# Exploring Coincidences with a Cross-Verified database of Notable people

***Student:*** Lais Isabelle ALVES DOS SANTOS

## Libraries

In [46]:
# Libraries
import numpy as np
import pandas as pd
import pypopulation as pp
import country_converter as coco

from math import log
from geopy import distance as dist
from countryinfo import CountryInfo as ci

## Data loading and pre-processing

In [30]:
df = pd.read_csv('../database/cross-verified-database.csv', 
                 encoding='latin-1',
                 delimiter=',',
                 usecols=['name', 'birth', 'death', 'level1_main_occ', 'gender', 'bplo1', 'dplo1', 'bpla1', 'dpla1', 'area1_of_rattachment']
                 )

In [31]:
# Replace some names to clarify the use of the dataset
df.rename(columns={"level1_main_occ": "domain", 
                   "bplo1": "birth_longitude", 
                   "dplo1": "death_longitude", 
                   "bpla1": "birth_latitude", 
                   "dpla1": "death_latitude",
                   "area1_of_rattachment": "country"}, inplace=True)

# Leave only notable people from 'Discovery/Science'
df = df[df.domain == 'Leadership']

# Remove countries with names out of pattern
df = df[df.country != 'Old_(before_year_1990_AD)_Germany']
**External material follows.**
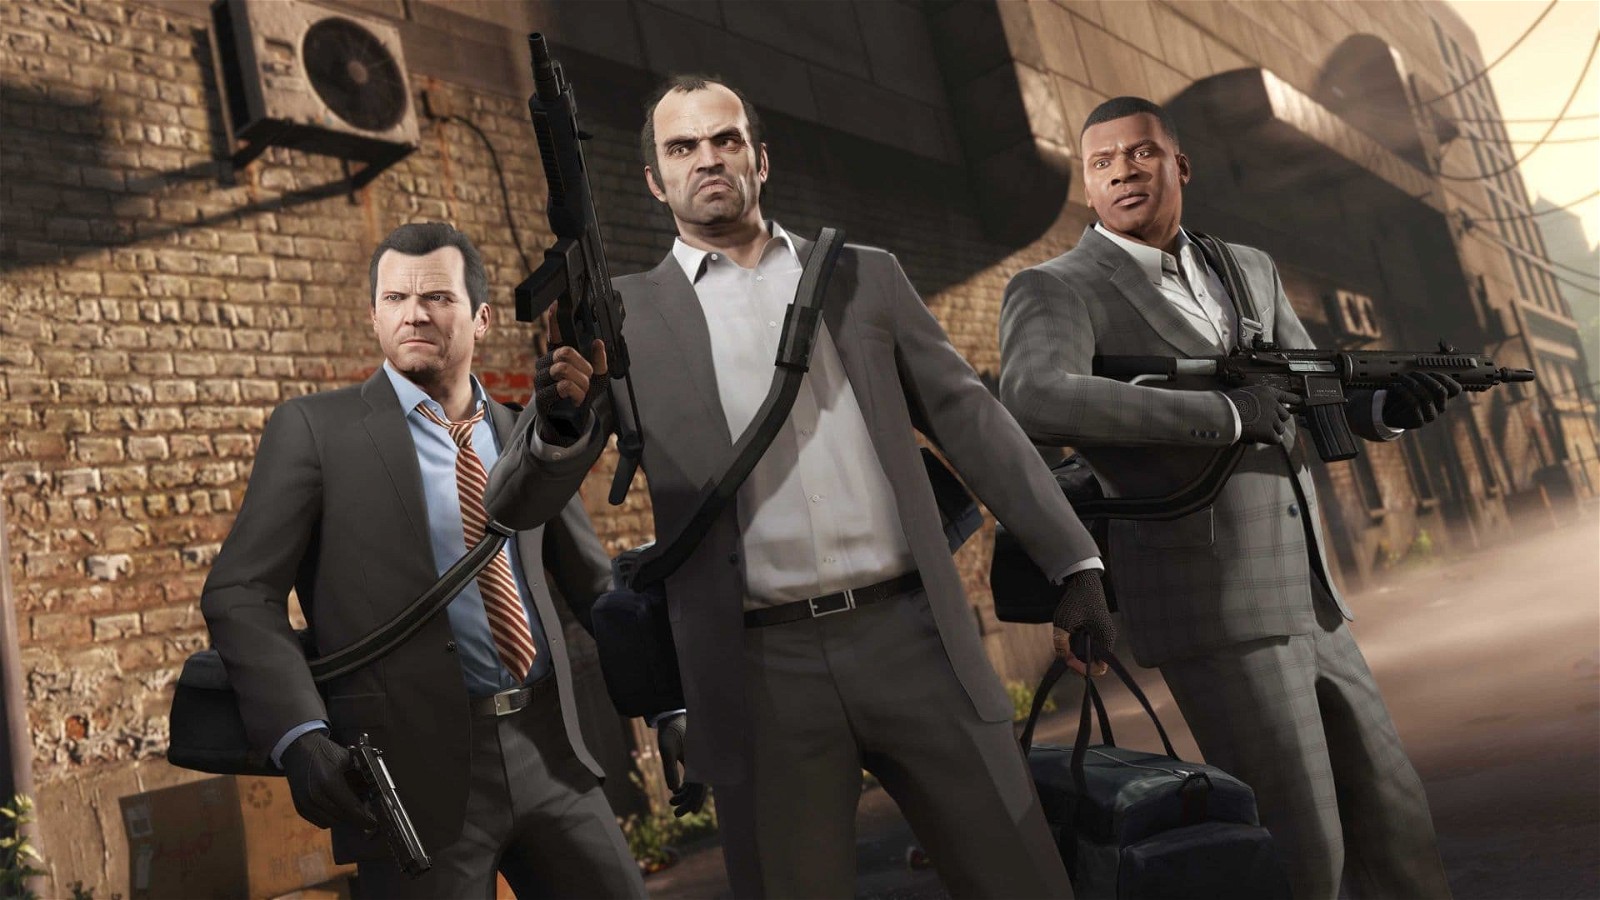 Ned Luke was playing GTA 5 on the YouTube livestream when he was swatted.
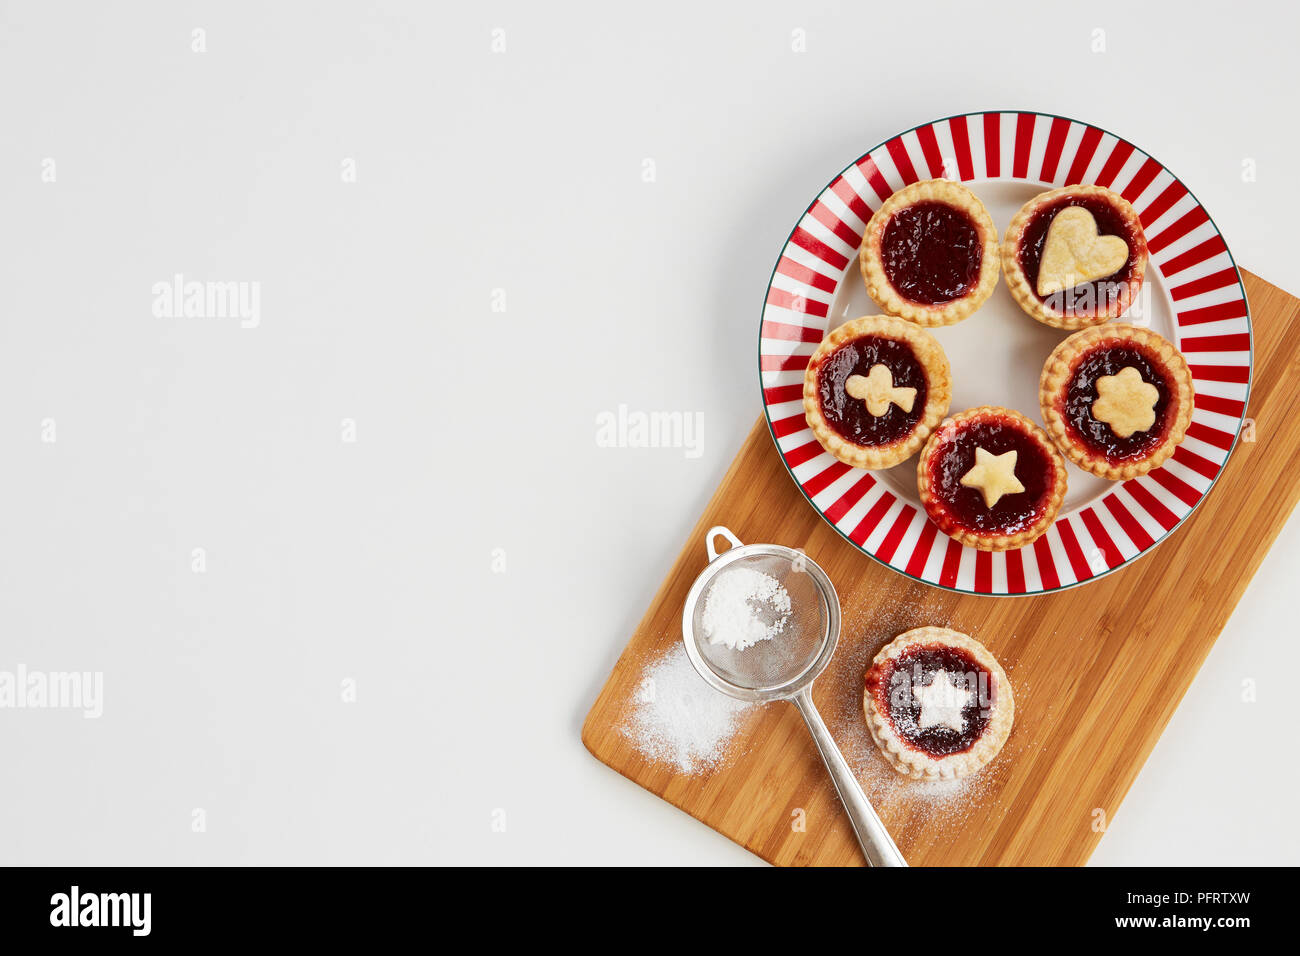 Plate of jam tarts on a wooden board Stock Photo

# Drop all the rows with nan values
df = df.dropna()

# Reset indices
df.reset_index(drop=True)

Unnamed: 0,birth,death,gender,domain,name,country,birth_longitude,death_longitude,birth_latitude,death_latitude
0,1884.0,1962.0,Male,Leadership,Joseph_C._O'Mahoney,US,-71.033333,-77.094643,42.391666,38.984825
1,1900.0,1972.0,Male,Leadership,Myron_V._George,US,-95.242500,-95.269699,37.568600,37.339199
2,1858.0,1932.0,Male,Leadership,Frank_P._Coburn,US,-91.086700,-91.233055,43.899700,43.813332
3,1907.0,1992.0,Male,Leadership,Meade_Alcorn,US,-98.579498,-72.691109,39.828175,41.983334
4,1844.0,1911.0,Male,Leadership,James_P._Latta,US,-82.315277,-92.462952,40.866943,44.023399
...,...,...,...,...,...,...,...,...,...,...
184288,1918.0,2006.0,Male,Leadership,Charles_Cutler,Australia,148.016663,149.101105,-33.383335,-33.281666
184289,1941.0,2012.0,Male,Leadership,Hans_Angerer_(Beamter),Germany,13.004167,11.575000,47.631390,48.137501
184290,1901.0,1942.0,Male,Leadership,Primo_Longobardo,Italy,9.408330,-30.000000,41.214241,0.000000
184291,1928.0,2018.0,Male,Leadership,John_Hall_Buchanan_Jr.,US,-88.313889,-77.152763,36.301109,39.084000


## Compute Unexpectedness

### Description complexity

In [71]:
def compute_description(lat_p1, lat_p2, long_p1, long_p2, const=20):
    d_p1 = (lat_p1, long_p1)
    d_p2 = (lat_p2, long_p2)

    distance = dist.distance(d_p1, d_p2).km
    print('dist: ', distance)
    print('cdist: ', log(1 + distance/const, 2))

    return int(log(1 + distance/const, 2))
    

### Generation complexity

In [74]:
def compute_generation(country):
    country_iso2 = coco.convert(names=[country], to='ISO2')
    pop = pp.get_population(country_iso2)
    area = ci(country).area()

    print('cpop:', log(pop, 2))
    print('carea:', log(area, 2))

    return int(log(pop, 2) + log(area, 2))

### Unexpectedness

In [77]:
unexpectedness = np.zeros(shape=(8,4,4))
for i in range(1):
    print(df['name'].values[i])
    for j in range(3):
        
        if (df['country'].values[i] == df['country'].values[j] and i != j):
            
            print(df['name'].values[j])
            desc = compute_description(df['birth_latitude'].values[i], df['birth_latitude'].values[j], df['birth_longitude'].values[i], df['birth_longitude'].values[j], const=1)
            gene = compute_generation(df['country'].values[i])
            print('desc:', desc)
            print('gene:', gene)
            print('result:', gene-desc)

Joseph_C._O'Mahoney
Myron_V._George
dist:  2128.07606804867
cdist:  11.0560117802654


cpop: 28.290173721908857
carea: 23.198968181339982
desc: 11
gene: 51
result: 40
Frank_P._Coburn
dist:  1635.8159999713694
cdist:  10.676676437354624
cpop: 28.290173721908857
carea: 23.198968181339982
desc: 10
gene: 51
result: 41


Questions:
1. How to compute the generation complexity when the country of different people are considered? We just sum up in the generation?
2. Should I consider the `const` value?